*** AVAILABLE DATA Section Begins ***

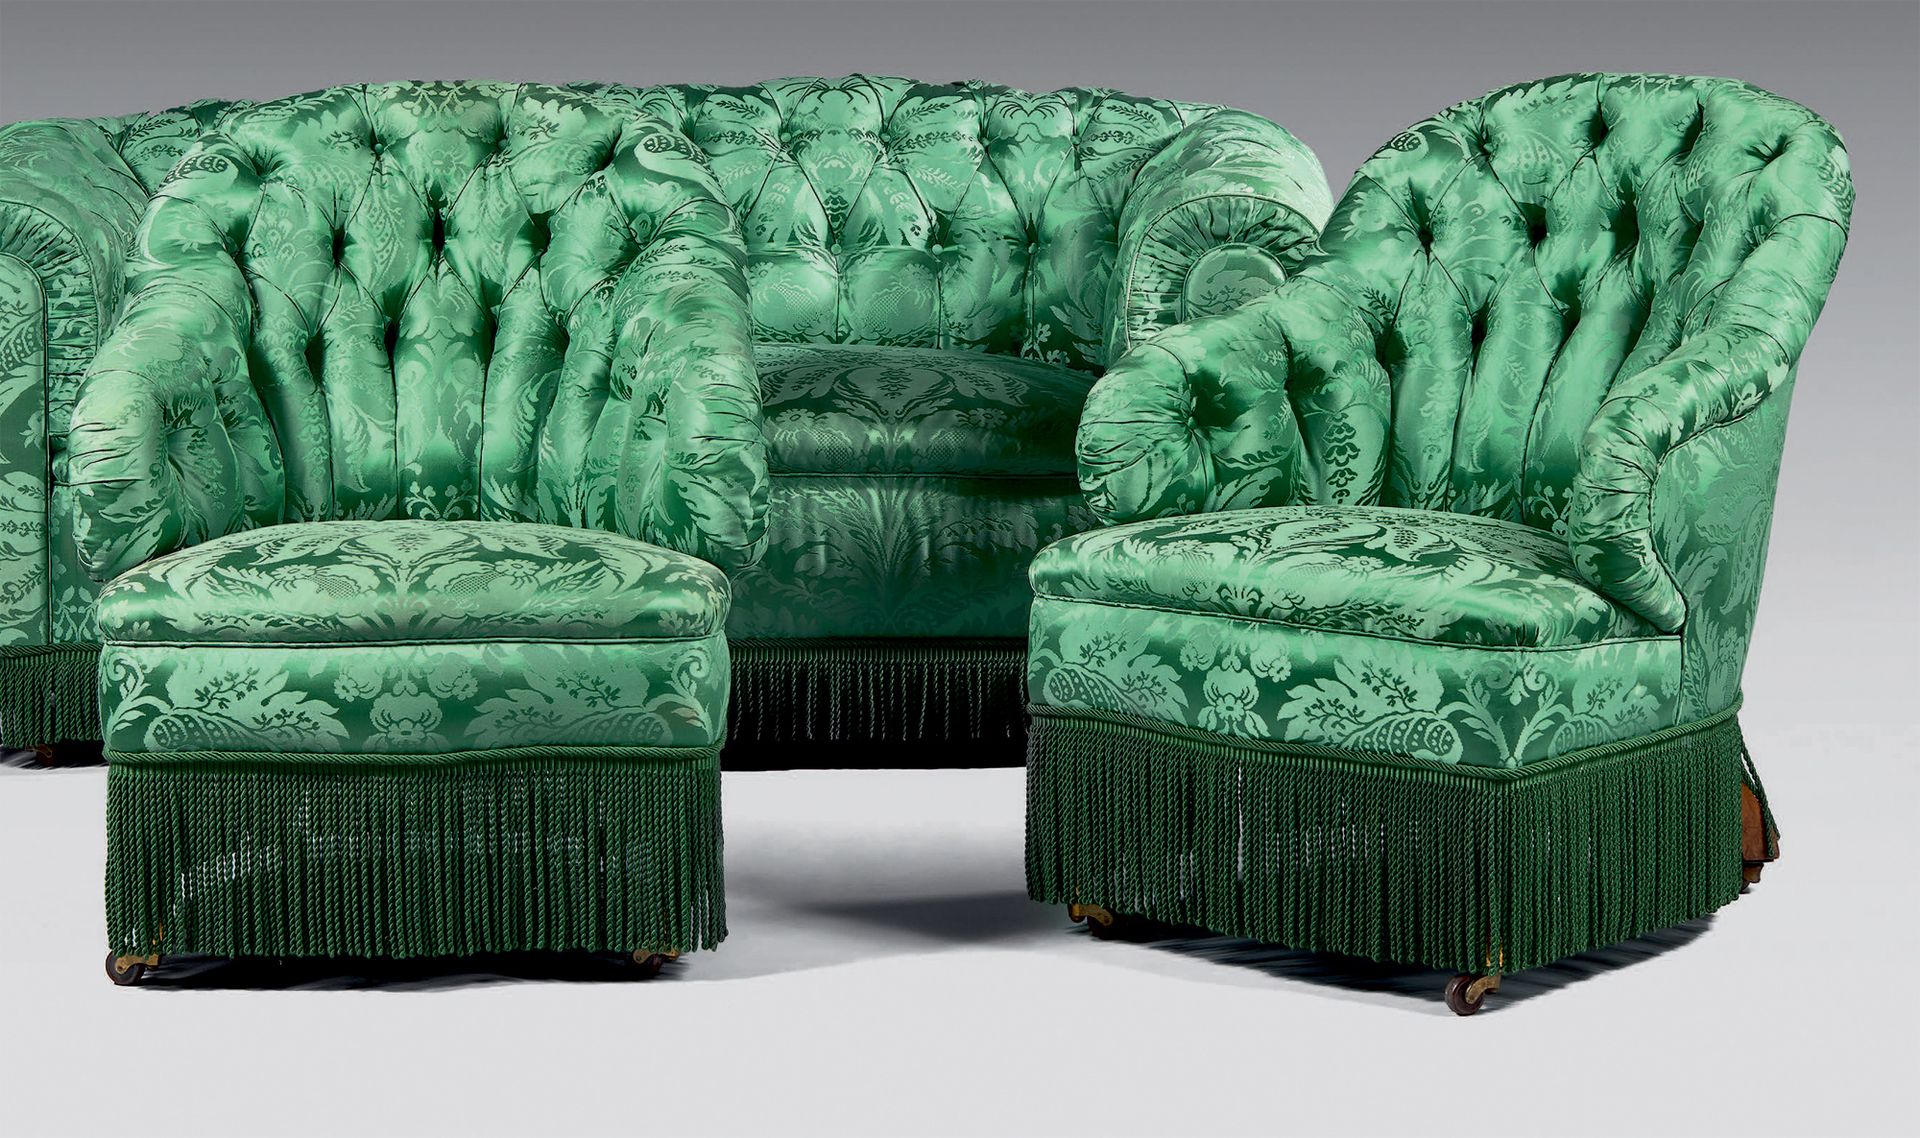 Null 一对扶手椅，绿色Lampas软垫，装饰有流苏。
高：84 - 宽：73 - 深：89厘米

*** AVAILABLE DATA Section Ends ***
*** AVAILABLE DATA Section Begins ***

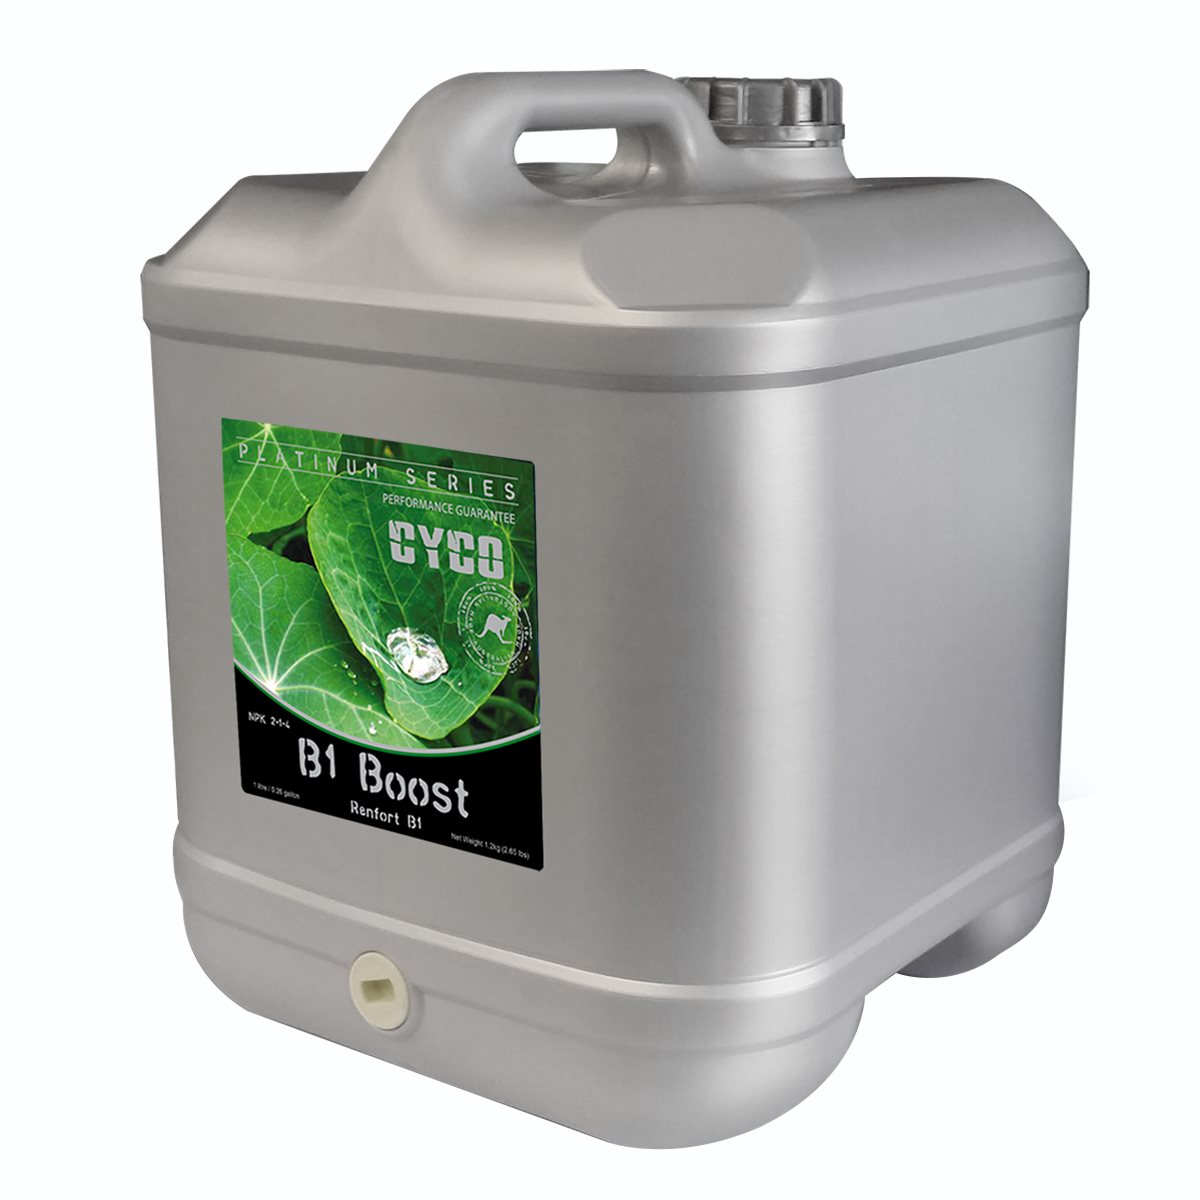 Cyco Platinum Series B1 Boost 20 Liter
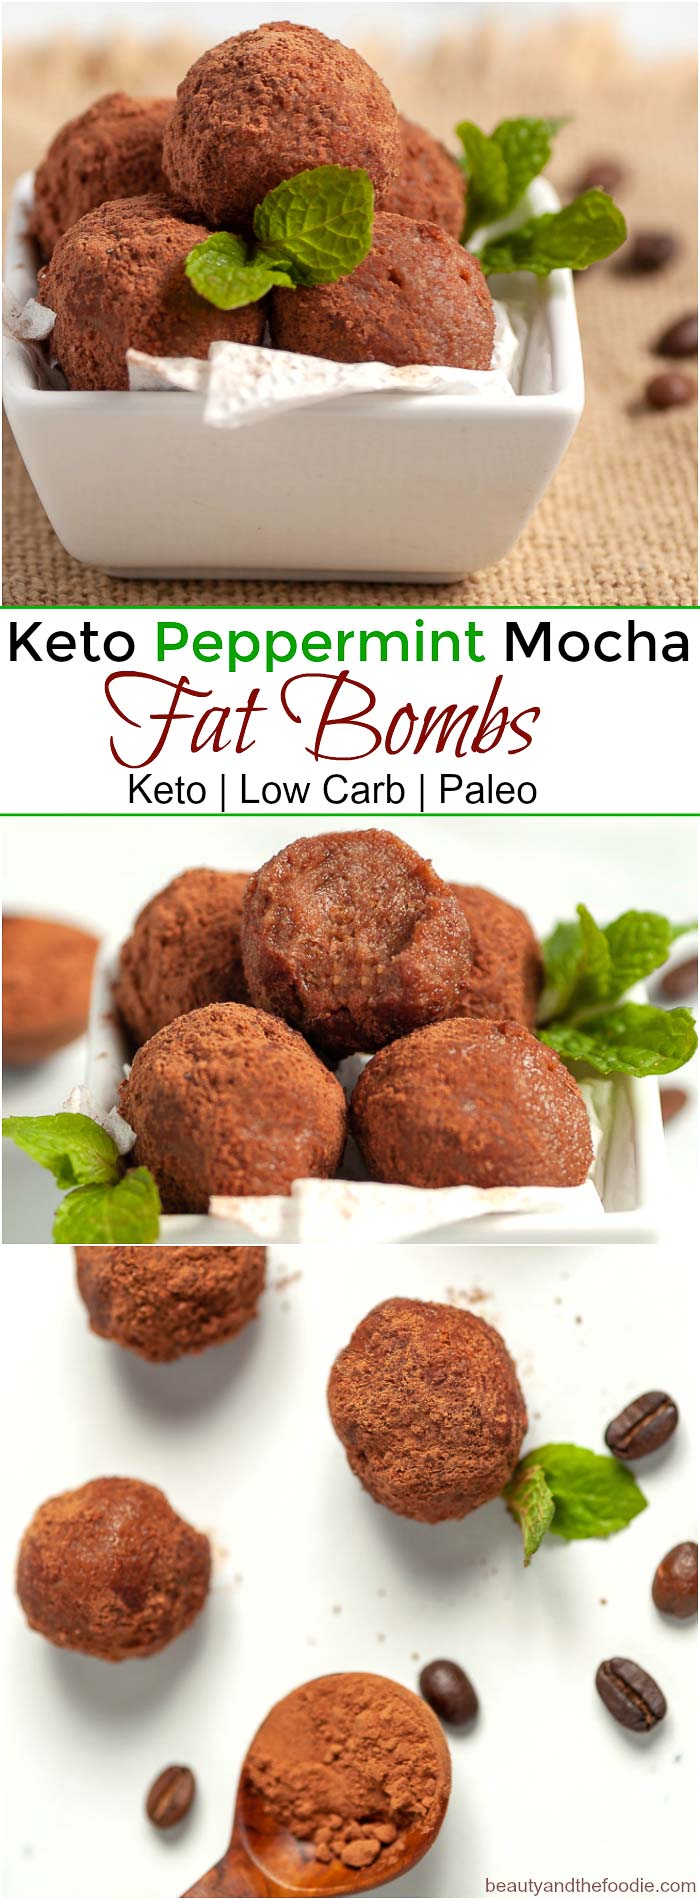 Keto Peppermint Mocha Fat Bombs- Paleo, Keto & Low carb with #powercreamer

*** AVAILABLE DATA Section Ends ***

In the records above, everything from the line with "Cyco Platinum Series B1 Boost 20 Liter" down to the line with "Keto Peppermint Mocha" is to be set down exactly, both ends included, with no pictures and no other lines.

 Cyco Platinum Series B1 Boost 20 Liter
 Keto Peppermint Mocha Fat Bombs- Paleo, Keto & Low carb with #powercreamer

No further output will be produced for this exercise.